──────── DATA ────────

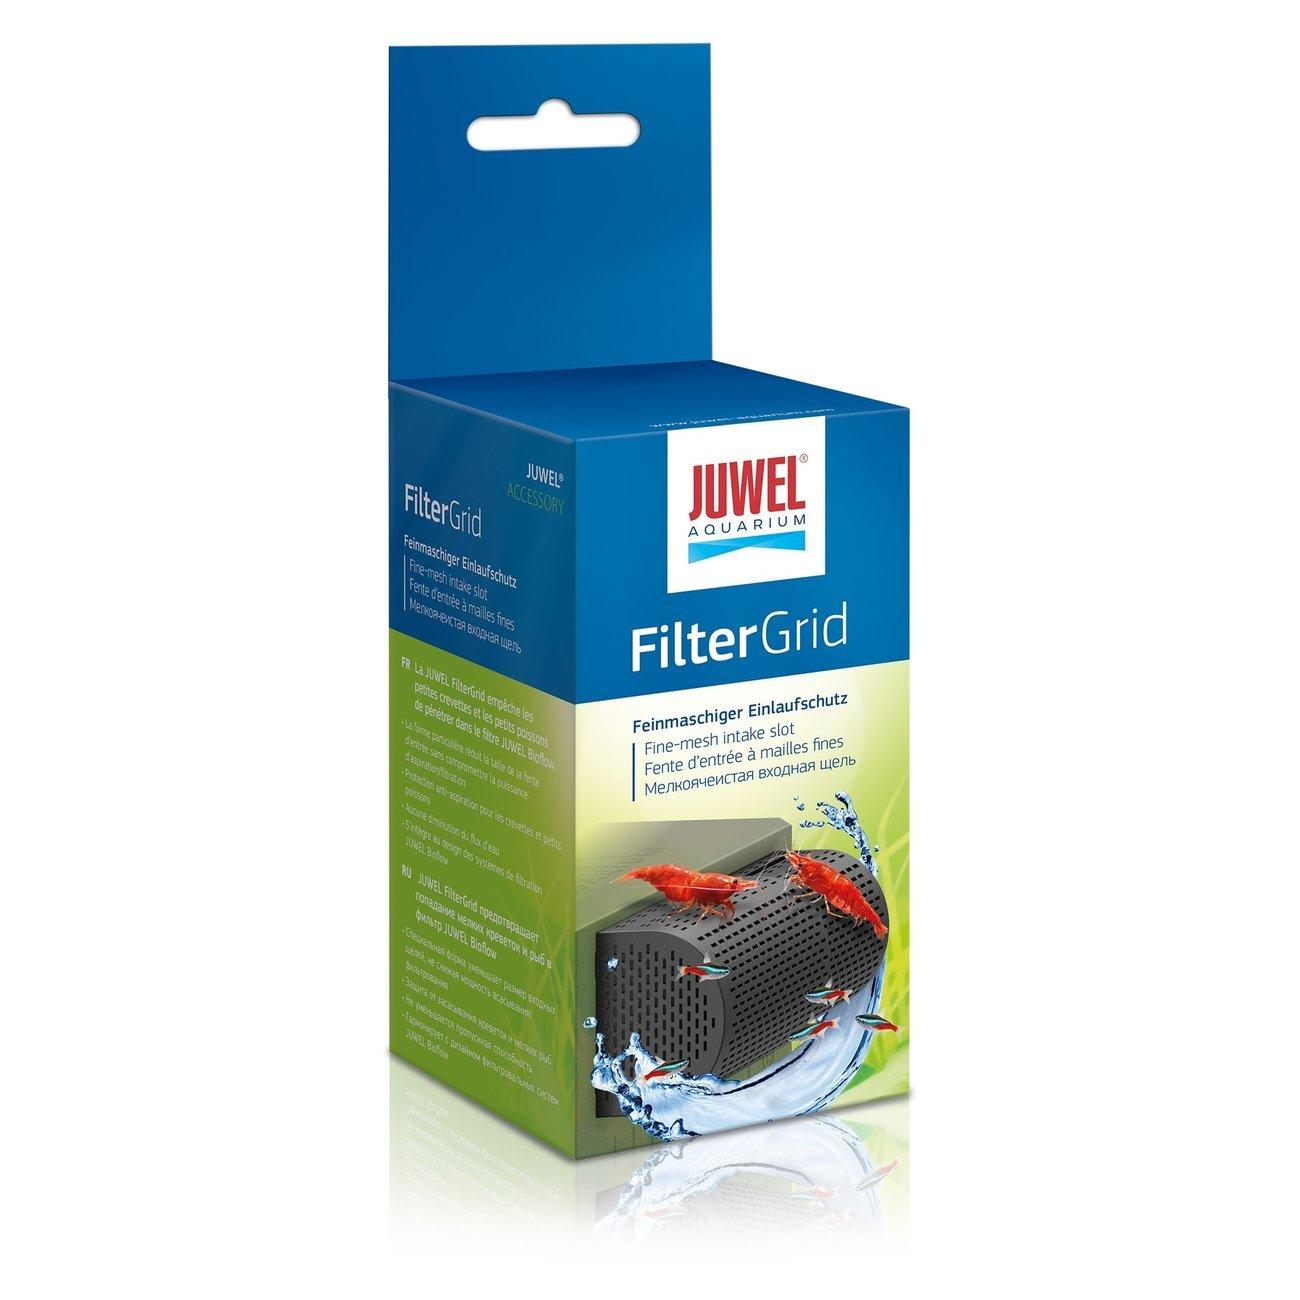 Juwel FilterGrid feinmaschiger Einlaufschutz Preview Image
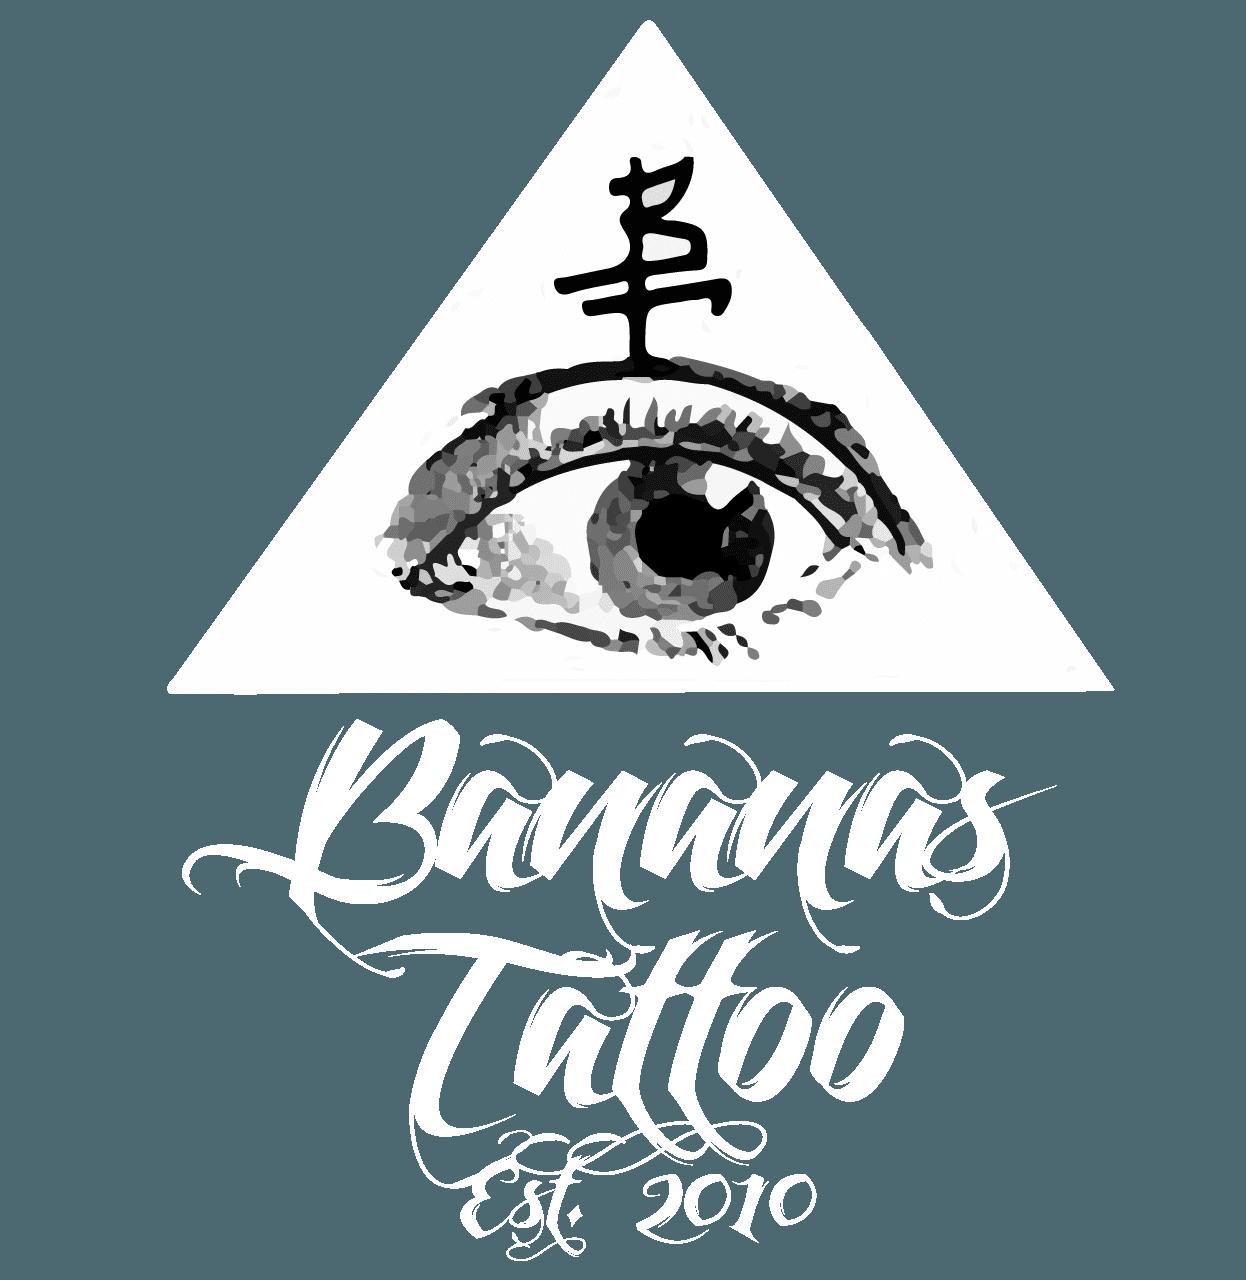 Bananas Tattoo logo
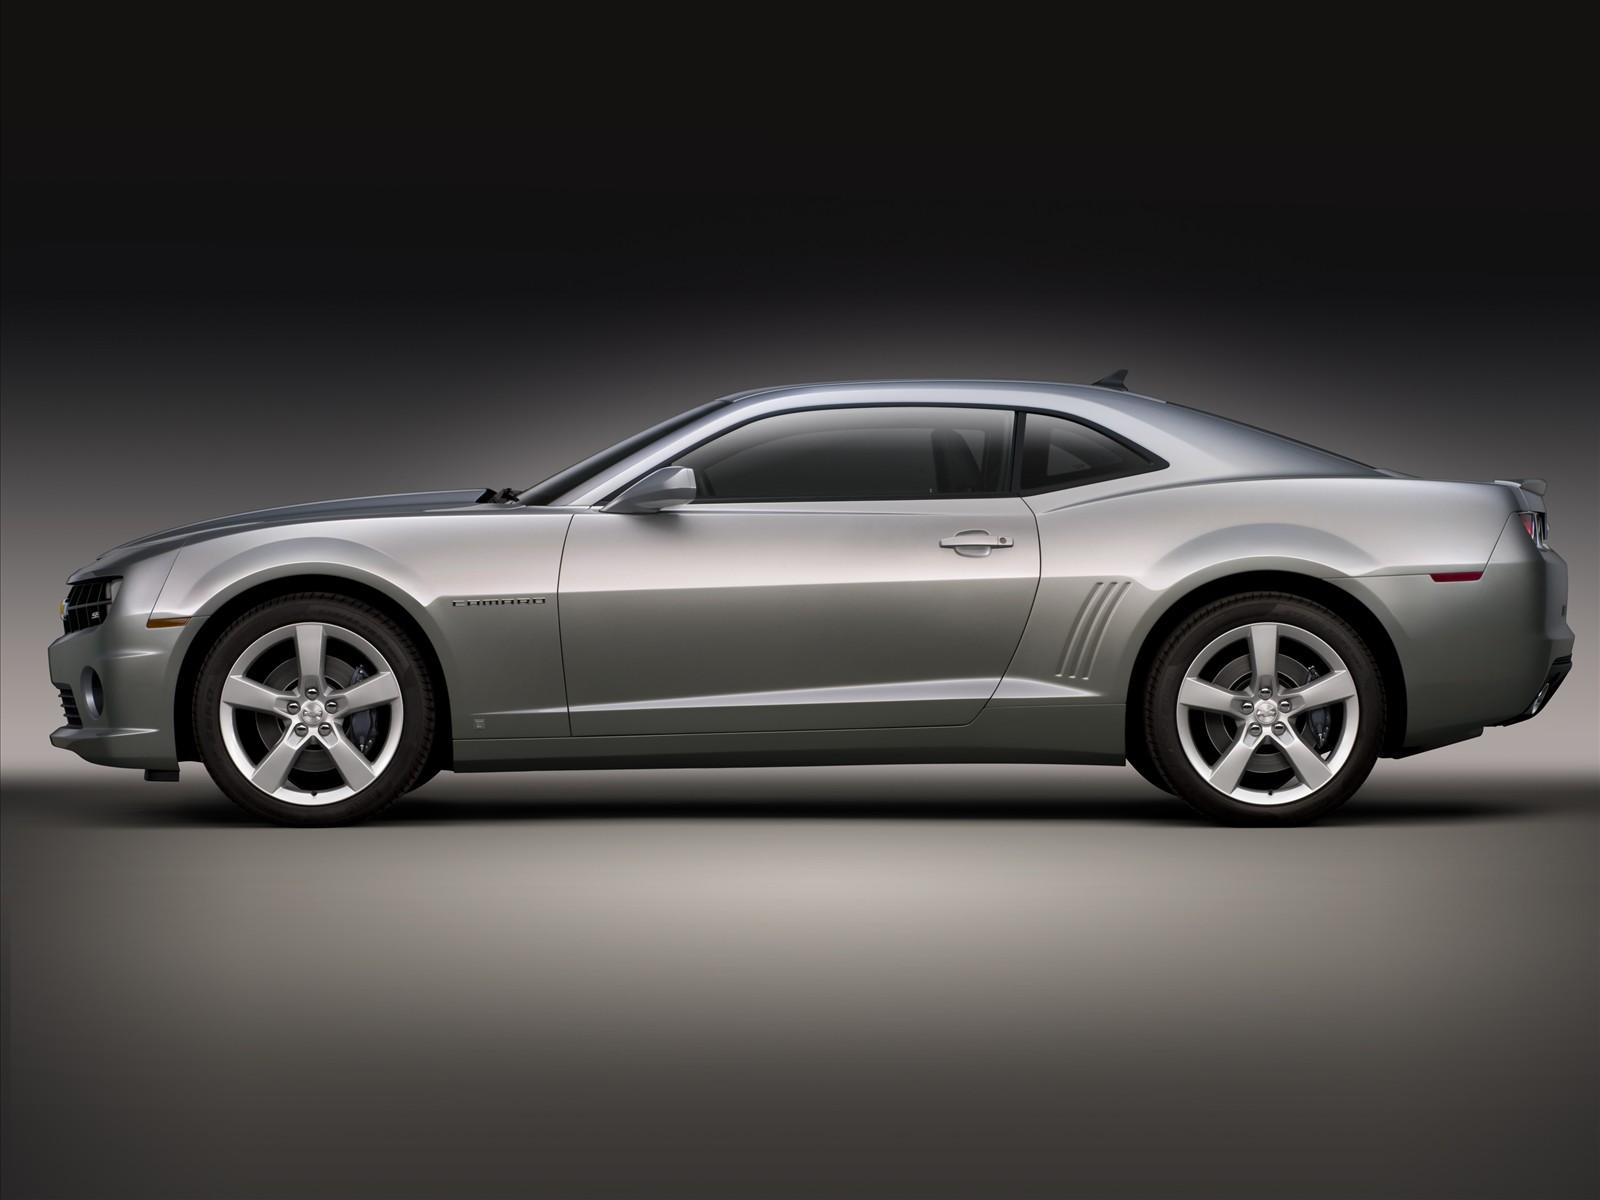 http://1.bp.blogspot.com/_1S5OuDBROEI/S_J5zA_gMpI/AAAAAAAAAUs/kJzuJ4yiPfU/s1600/2010+Chevrolet+Camaro+SS+sideview.jpg

────────

Omit the pictures. Repeat the rest of the data exactly.

● ANSWER BOX
 Juwel FilterGrid feinmaschiger Einlaufschutz Preview Image
 Bananas Tattoo logo
 http://1.bp.blogspot.com/_1S5OuDBROEI/S_J5zA_gMpI/AAAAAAAAAUs/kJzuJ4yiPfU/s1600/2010+Chevrolet+Camaro+SS+sideview.jpg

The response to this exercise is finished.